TreeSearch: Structure-Aware Document Retrieval

TreeSearch is a structure-aware document retrieval library. No vector embeddings. No chunk splitting. BM25 + LLM reasoning over document tree structures.

Installation

pip install -U pytreesearch

Quick Start

import asyncio
from treesearch import build_index, load_index, Document, search

async def main():
    # Build indexes for markdown files
    await build_index(paths=["docs/*.md"], output_dir="./indexes")

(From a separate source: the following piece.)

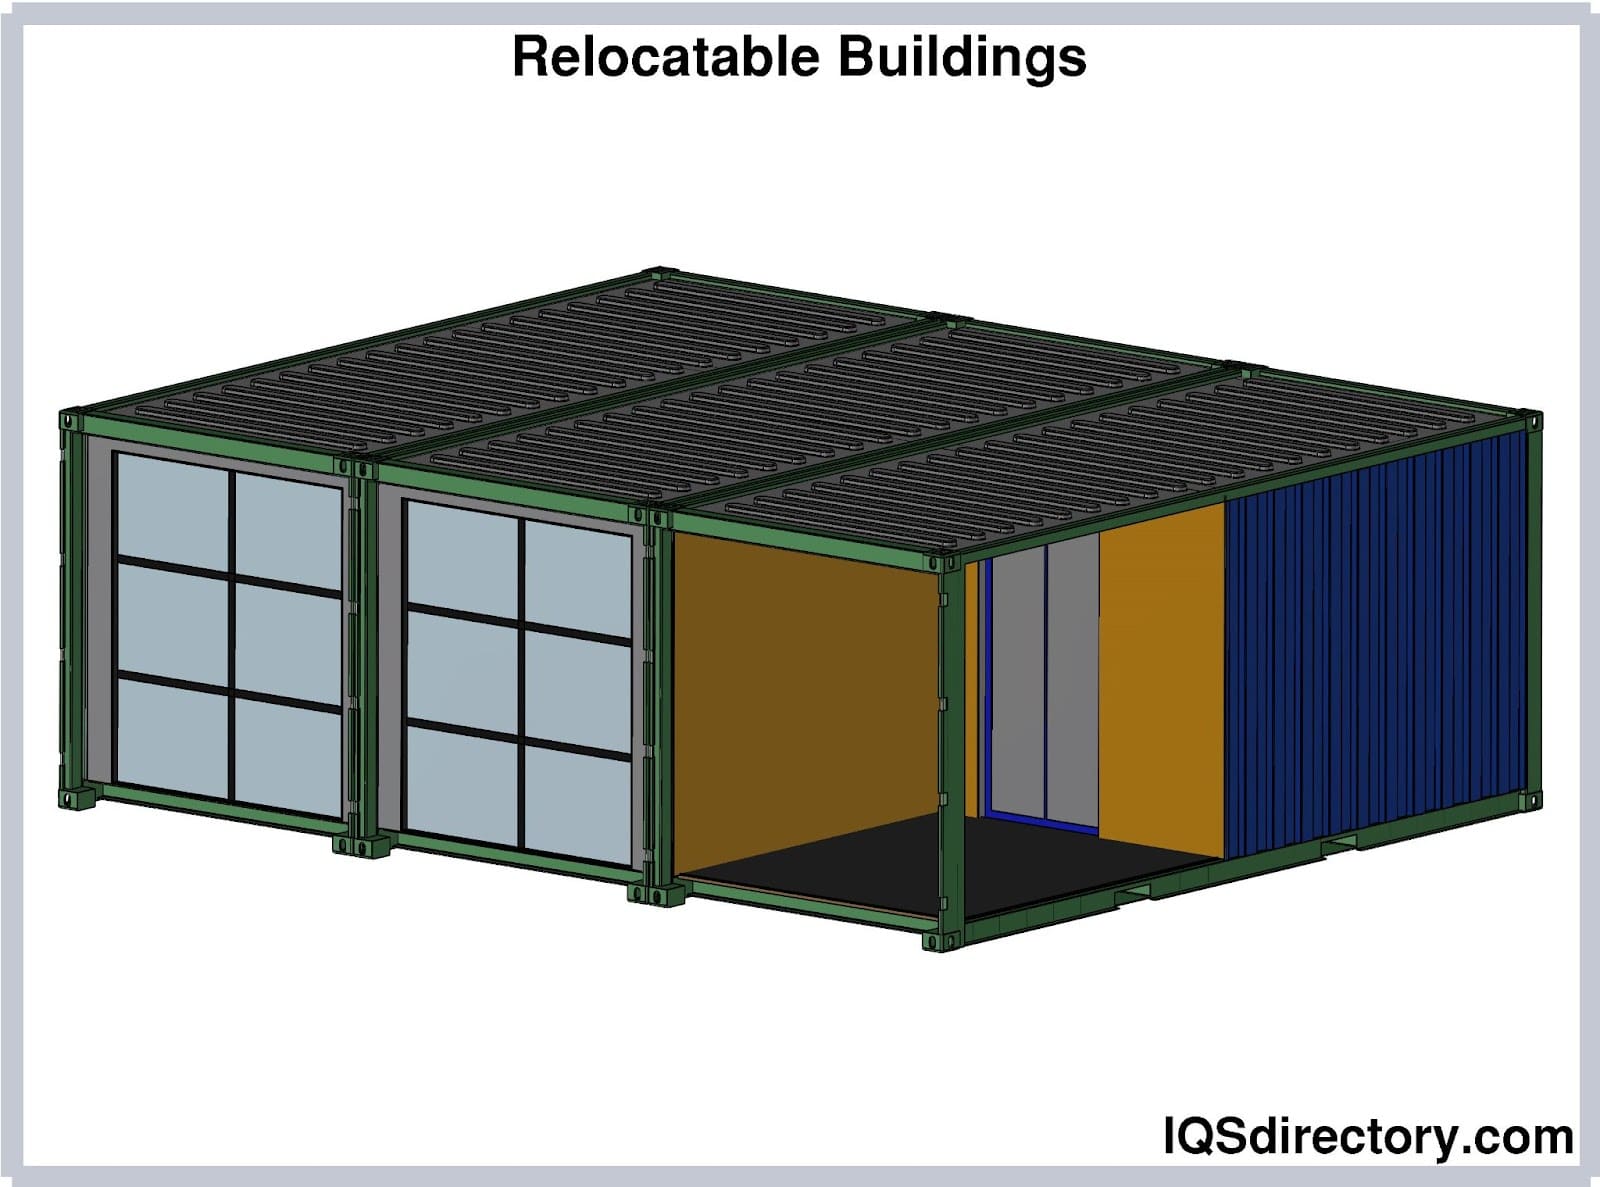 Relocatable Buildings
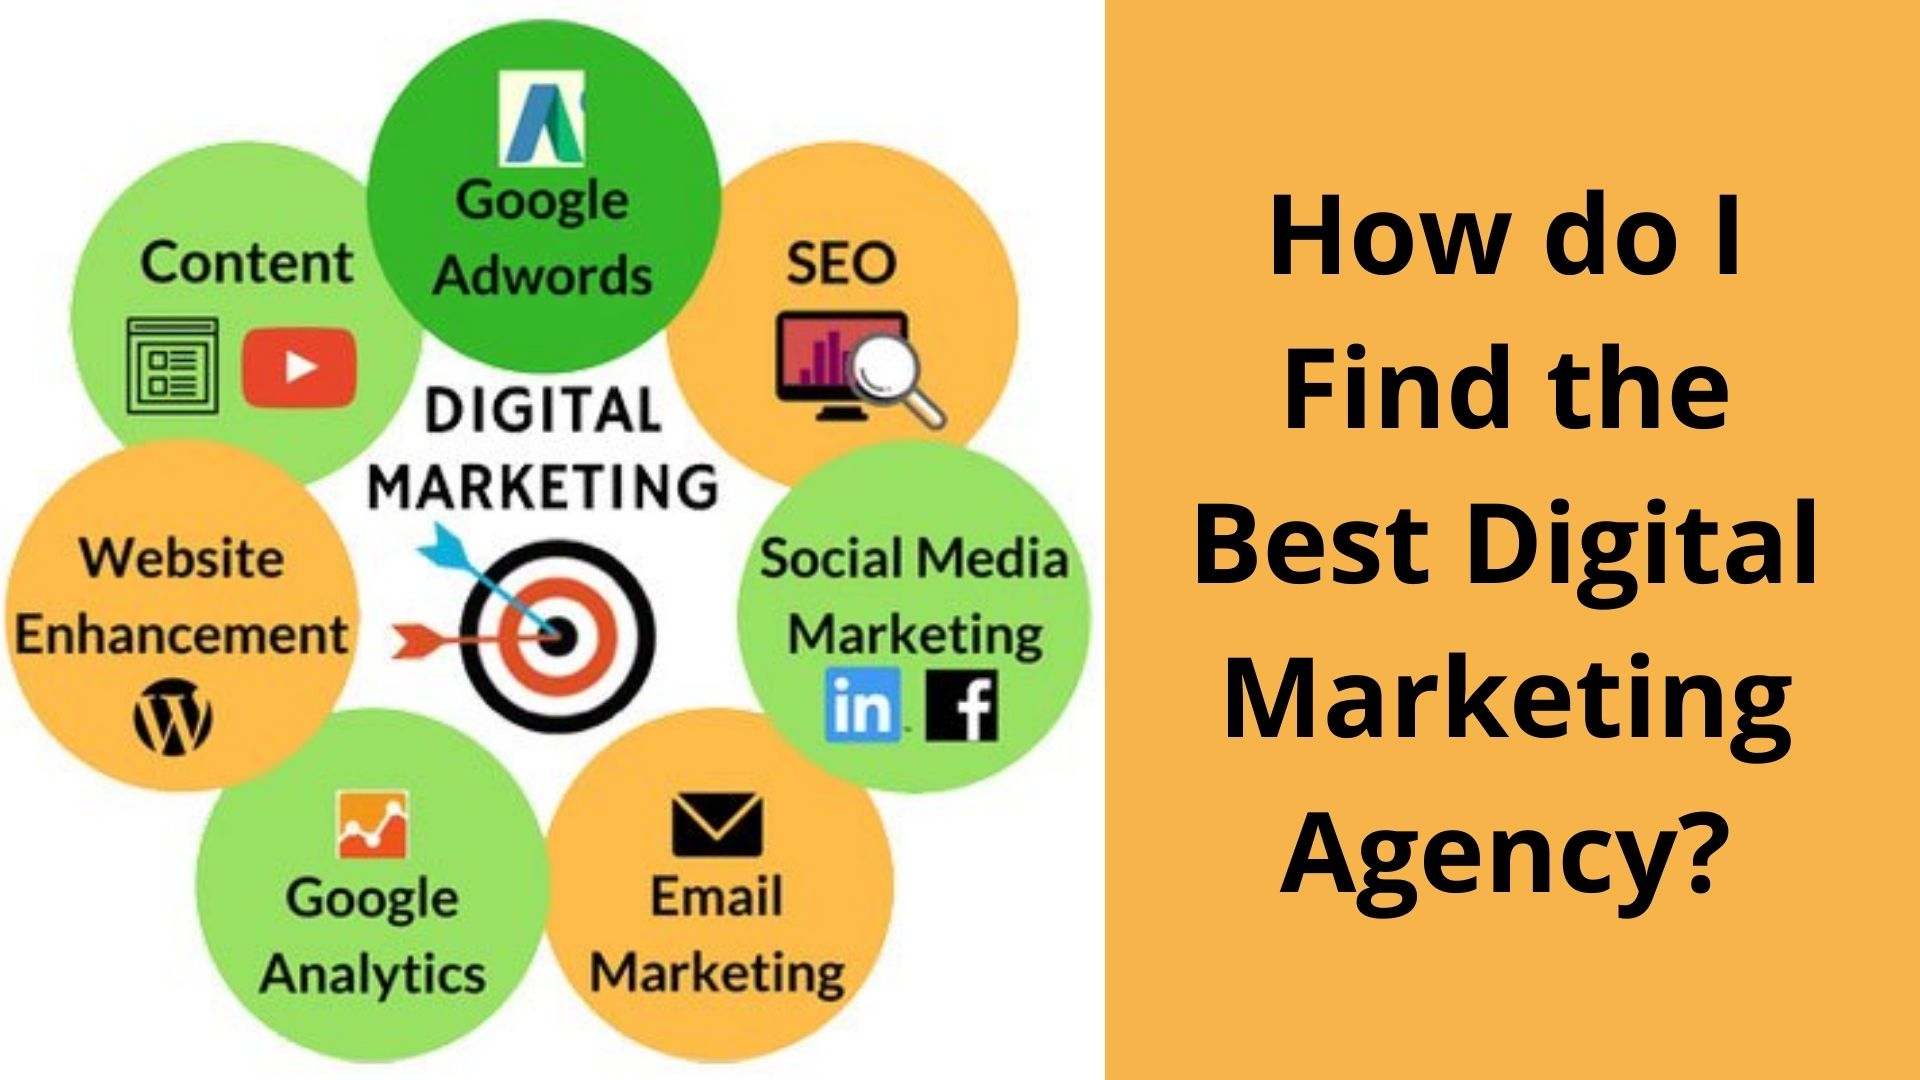 public/uploads/2022/03/How-do-I-Find-the-Best-Digital-Marketing-Agency.jpg

    # Load indexed documents
    import os
    documents = []
    for fp in sorted(os.listdir("./indexes")):
        if not fp.endswith(".json"):
            continue
        data = load_index(os.path.join("./indexes", fp))
        documents.append(Document(
            doc_id=fp, doc_name=data["doc_name"],
            structure=data["structure"],
            doc_description=data.get("doc_description", ""),
        ))

    # Search with Best-First strategy (BM25 + LLM)
    result = await search(query="How does auth work?", documents=documents)
    for doc_result in result.documents:
        for node in doc_result["nodes"]:
            print(f"[{node['score']:.2f}] {node['title']}")

asyncio.run(main())

Set up API key first:

export OPENAI_API_KEY="sk-..."
# Optional: custom endpoint
export OPENAI_BASE_URL="https://your-endpoint/v1"

Why TreeSearch?

Traditional RAG systems split documents into fixed-size chunks and retrieve by vector similarity. This destroys document structure, loses heading hierarchy, and misses reasoning-dependent queries.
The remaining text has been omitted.